PM Development and Elimination


The following six preventative maintenance routines are essential to gain maximum
machine life and minimize the chances of premature failures and unscheduled downtime
of hydraulic equipment:
1. Maintain fluid temperature and viscosity within optimum limits;
2. Maintain fluid cleanliness;
3. Maintain hydraulic system settings to manufacturers' specifications;
4. Schedule component change-outs prior to failure;
5. Follow correct commissioning procedures; and
6. Conduct failure analysis.
Maintaining Fluid Temperature and Viscosity within Optimum Limits
Implementing this routine involves:
1. Defining an appropriate fluid operating temperature and viscosity range for the
ambient temperature conditions in which the hydraulic system operates;
2. Selecting a fluid with a suitable viscosity grade and additive package; and
3. Ensuring that both fluid temperature and viscosity are maintained within the limits
defined.
The viscosity of petroleum-based hydraulic fluid decreases as its temperature increases
and conversely, viscosity increases as temperature decreases. Limits for fluid viscosity
and fluid temperature must therefore be considered simultaneously. Low fluid viscosity
causes loss of lubricating film strength, which leads to boundary lubrication conditions,
scuffing and adhesive wear. Excessively high fluid viscosity can result in damage to
system components through cavitation.
Hydraulic fluid temperatures above 82C (180F) damage most seal compounds and
accelerate degradation of the oil. A single over-temperature event of sufficient magnitude
can permanently damage all the seals in an entire hydraulic system, resulting in numerous
leaks. The by-products of thermal degradation of the oil (soft particles) can cause
reliability problems such as valve-spool stiction and filter clogging.

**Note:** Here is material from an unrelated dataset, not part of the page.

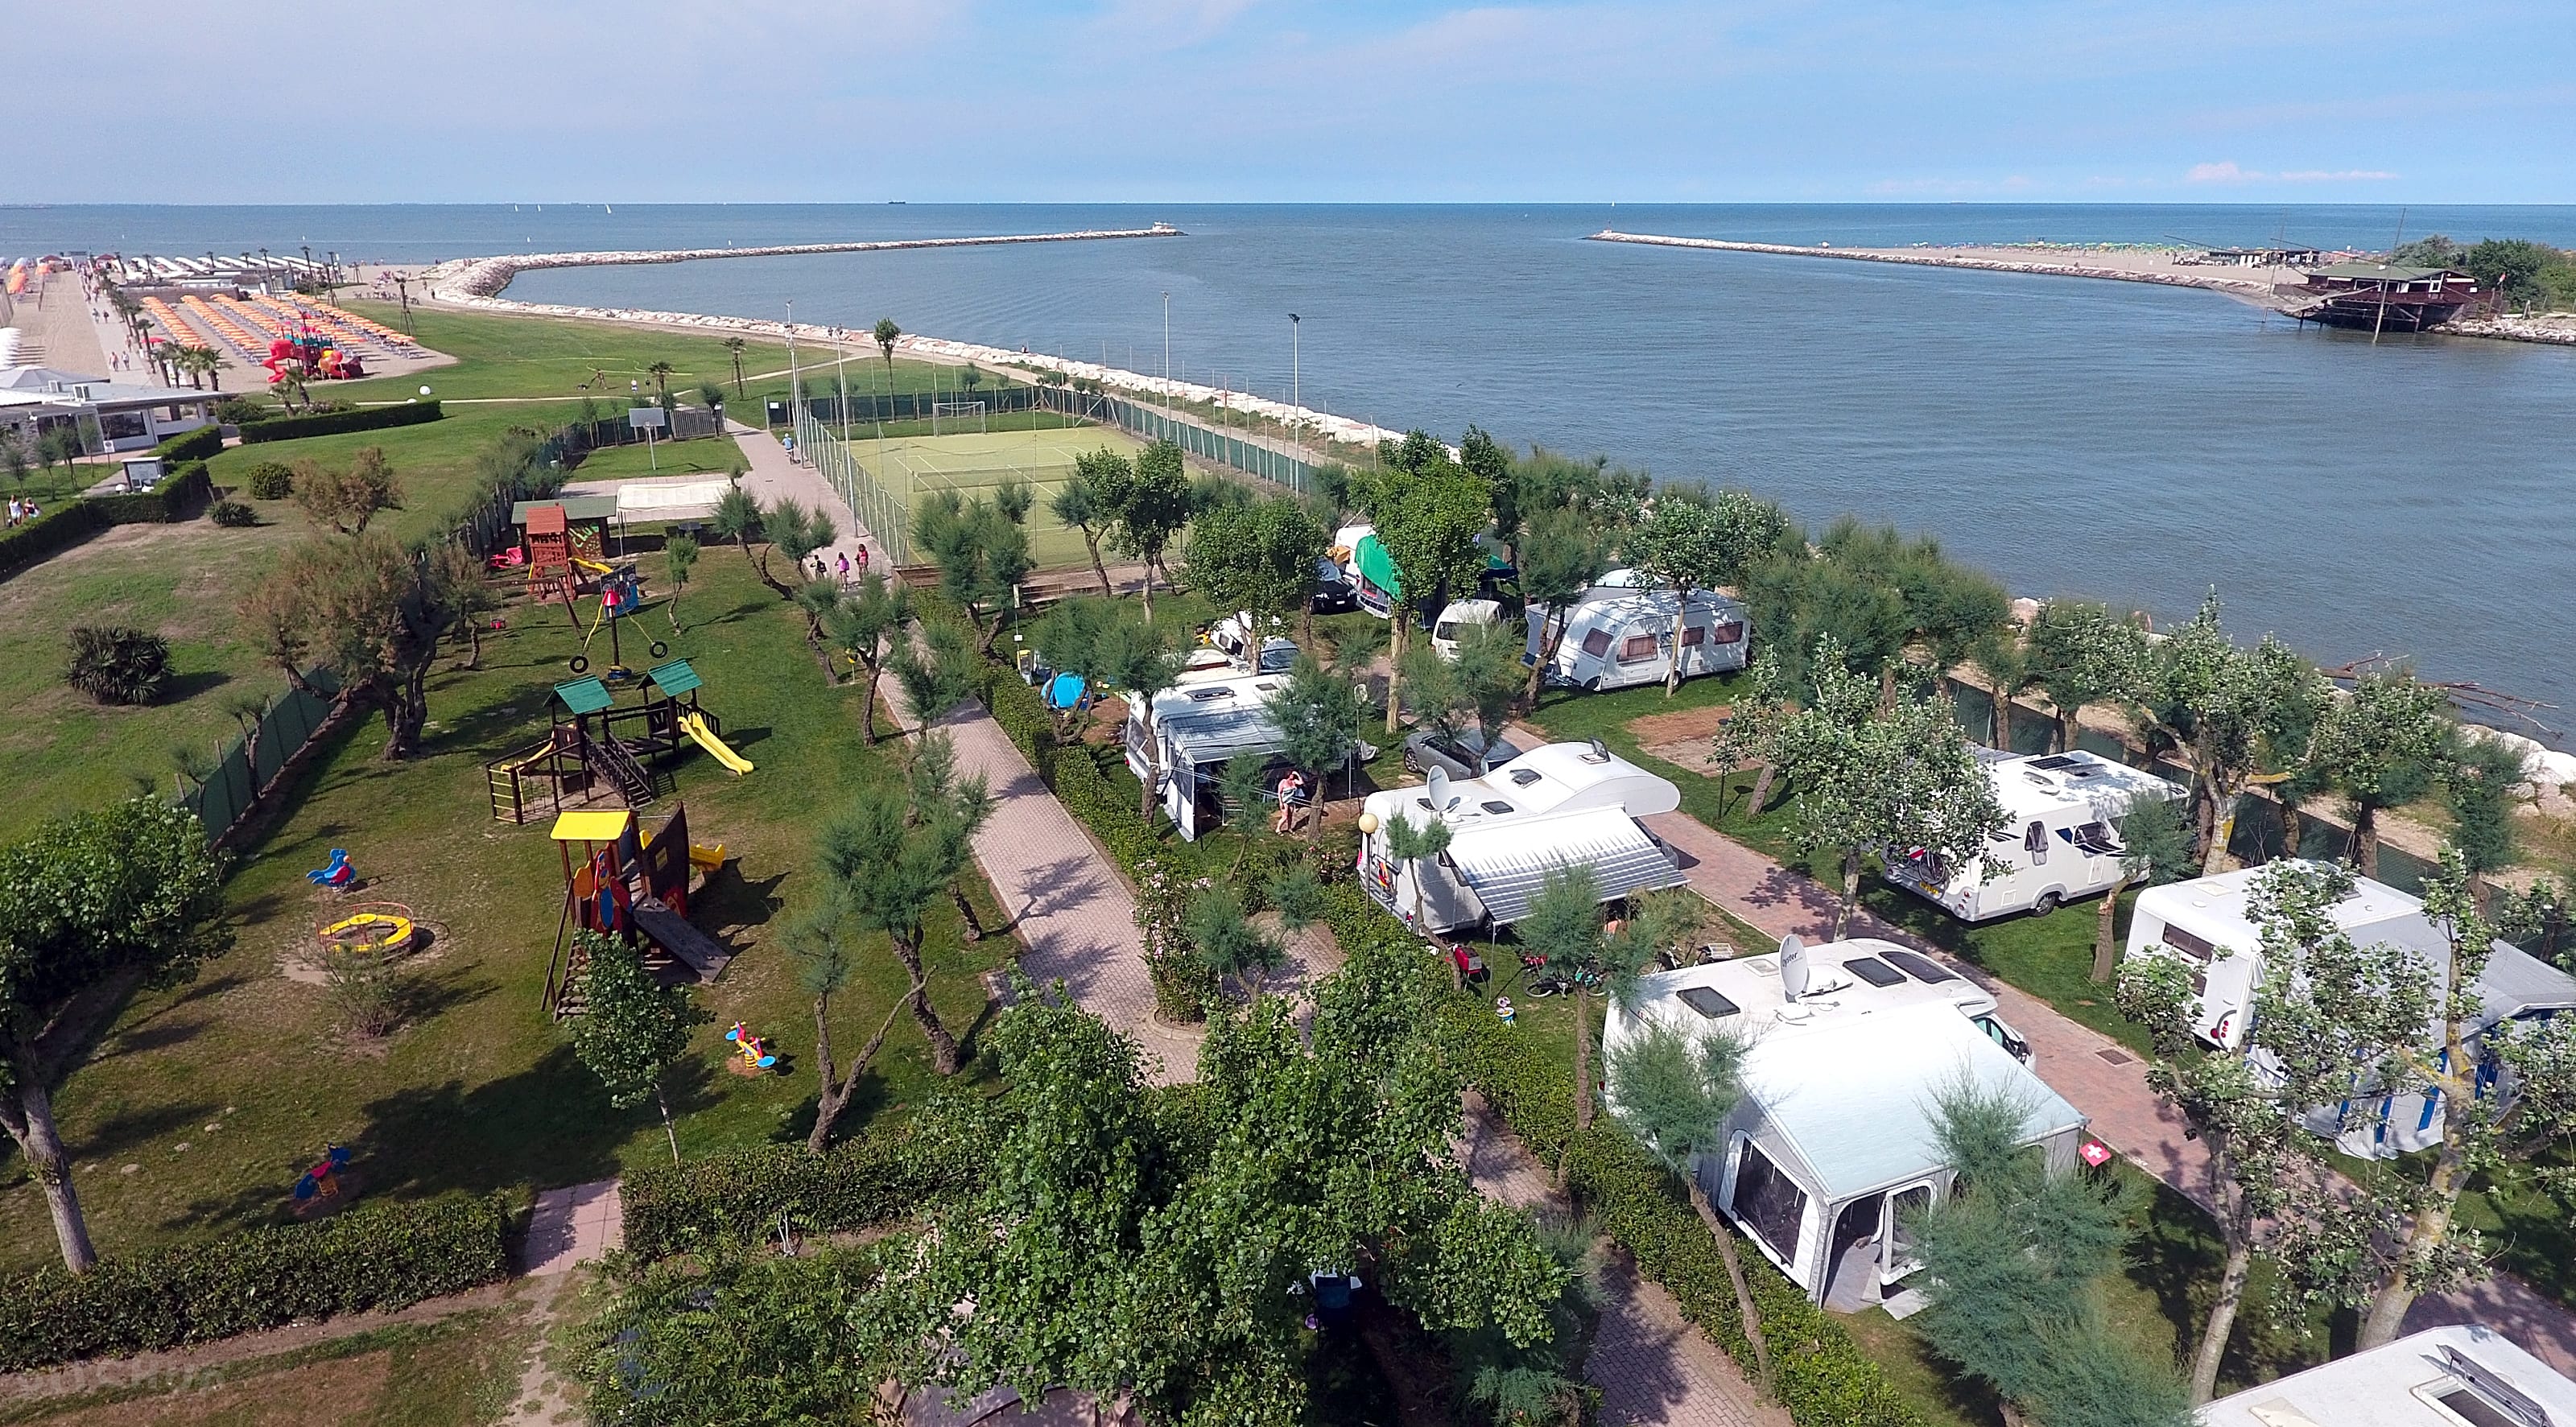 Camping Oasi Chioggia Pitchup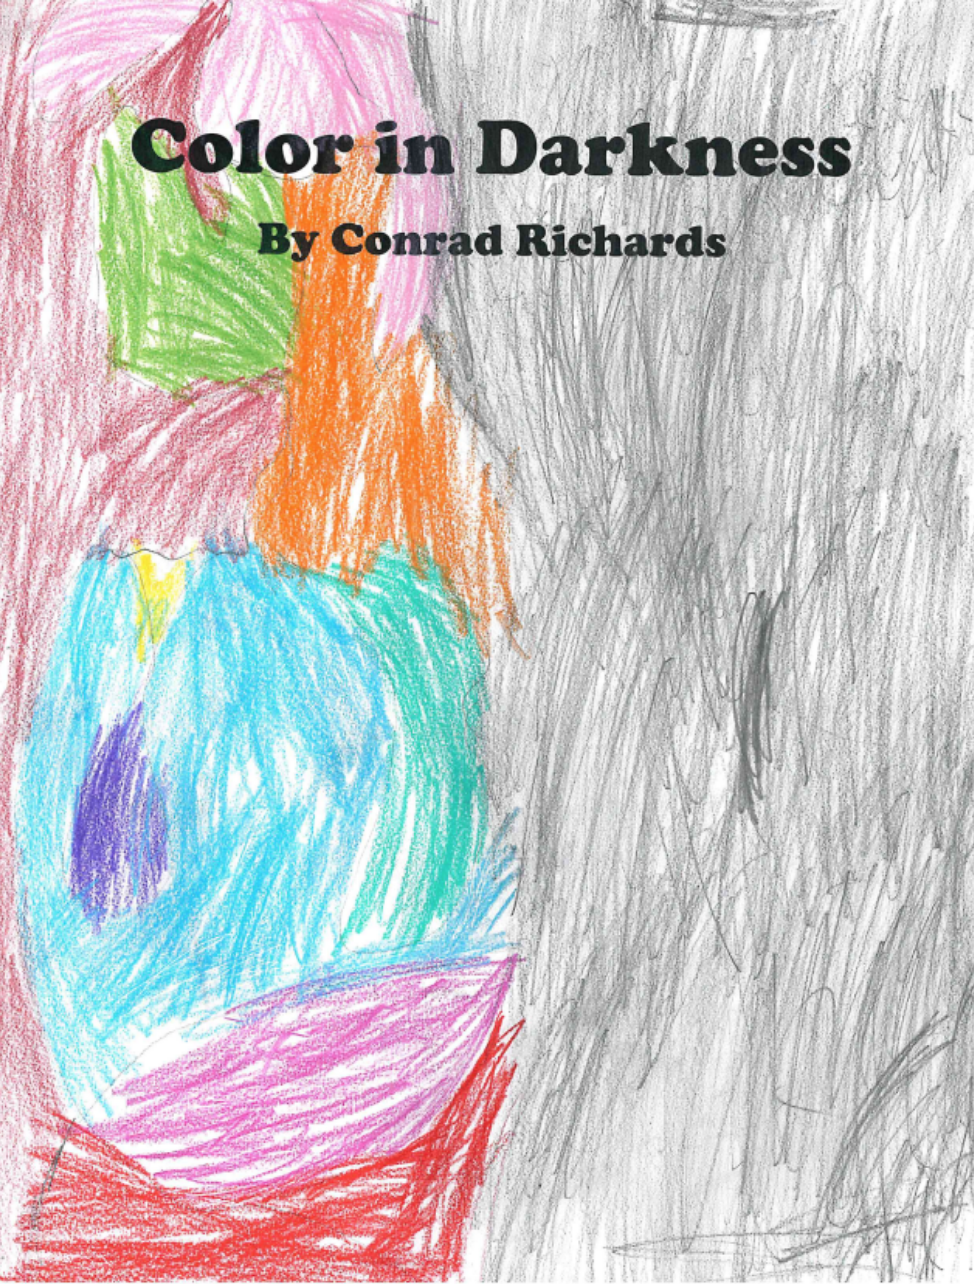 Color in Darkness book cover

Manufacturers of hydraulic components publish permissible and optimal viscosity values,
which can vary according to the type and construction of the component. As a general
rule, operating viscosity should be maintained in the range of 100 to 10 centistokes (460
to 80 SUS), however viscosities as high as 1000 centistokes (4600 SUS) are permissible
for short periods at start up. Optimum operating efficiency is achieved with fluid
viscosity in the range of 36 to 16 centistokes (170 to 80 SUS) and maximum bearing life
is achieved with a minimum viscosity of 25 centistokes (120 SUS).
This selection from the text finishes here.